The package contains an extensive test suite and tries to apply a behavior driven development approach. All features should be accompanied by a test-case.
To launch the tests you need to install busted
(See:
Olivine-Labs/busted) via luarocks
:
luarocks install busted
then you can run all tests via command line:
cd specs/
./run_all.sh
The package relies on self-documenting functions via the argcheck package that reside in the doc folder. The GitHub Wiki is intended for more extensive in detail documentation.

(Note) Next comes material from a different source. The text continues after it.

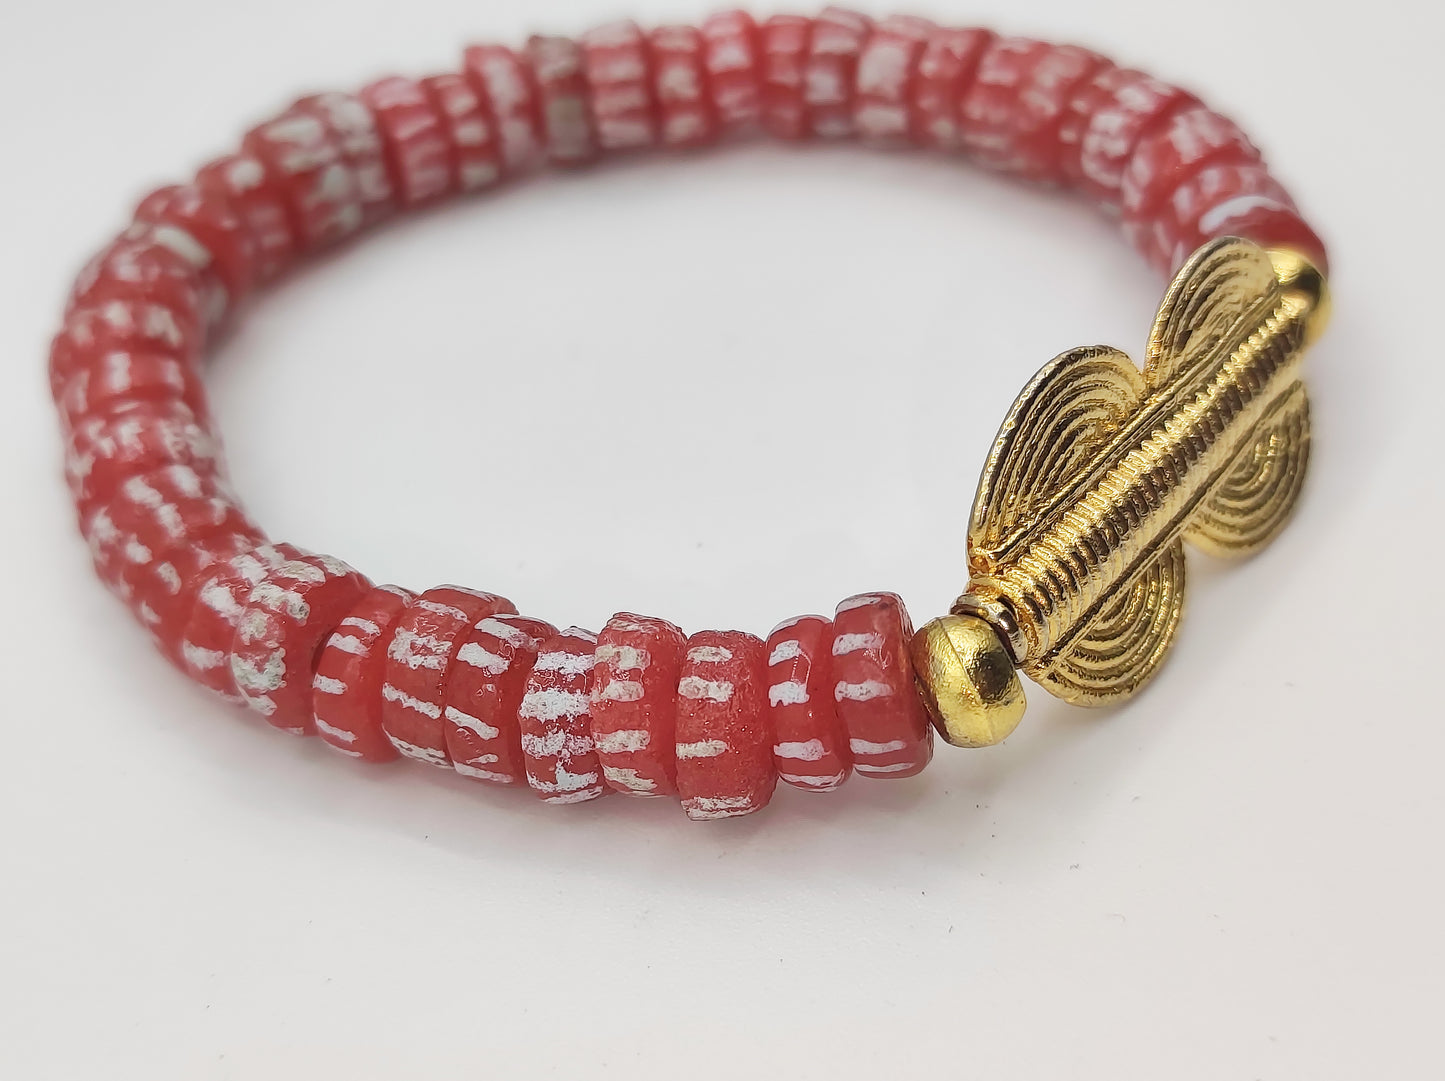 GNONLIVI rouge- spirale- perles africaines krobo

To generate the documentation please run:
th doc.lua > /dev/null
Feel free to report a bug, suggest enhancements or submit new cool features using Issues or directly send us a Pull Request :). Don't forget to test your code and generate the doc before submitting. You can find how we implemented our tests in the specs directory. See "Behavior Driven Development" for more details on this technique.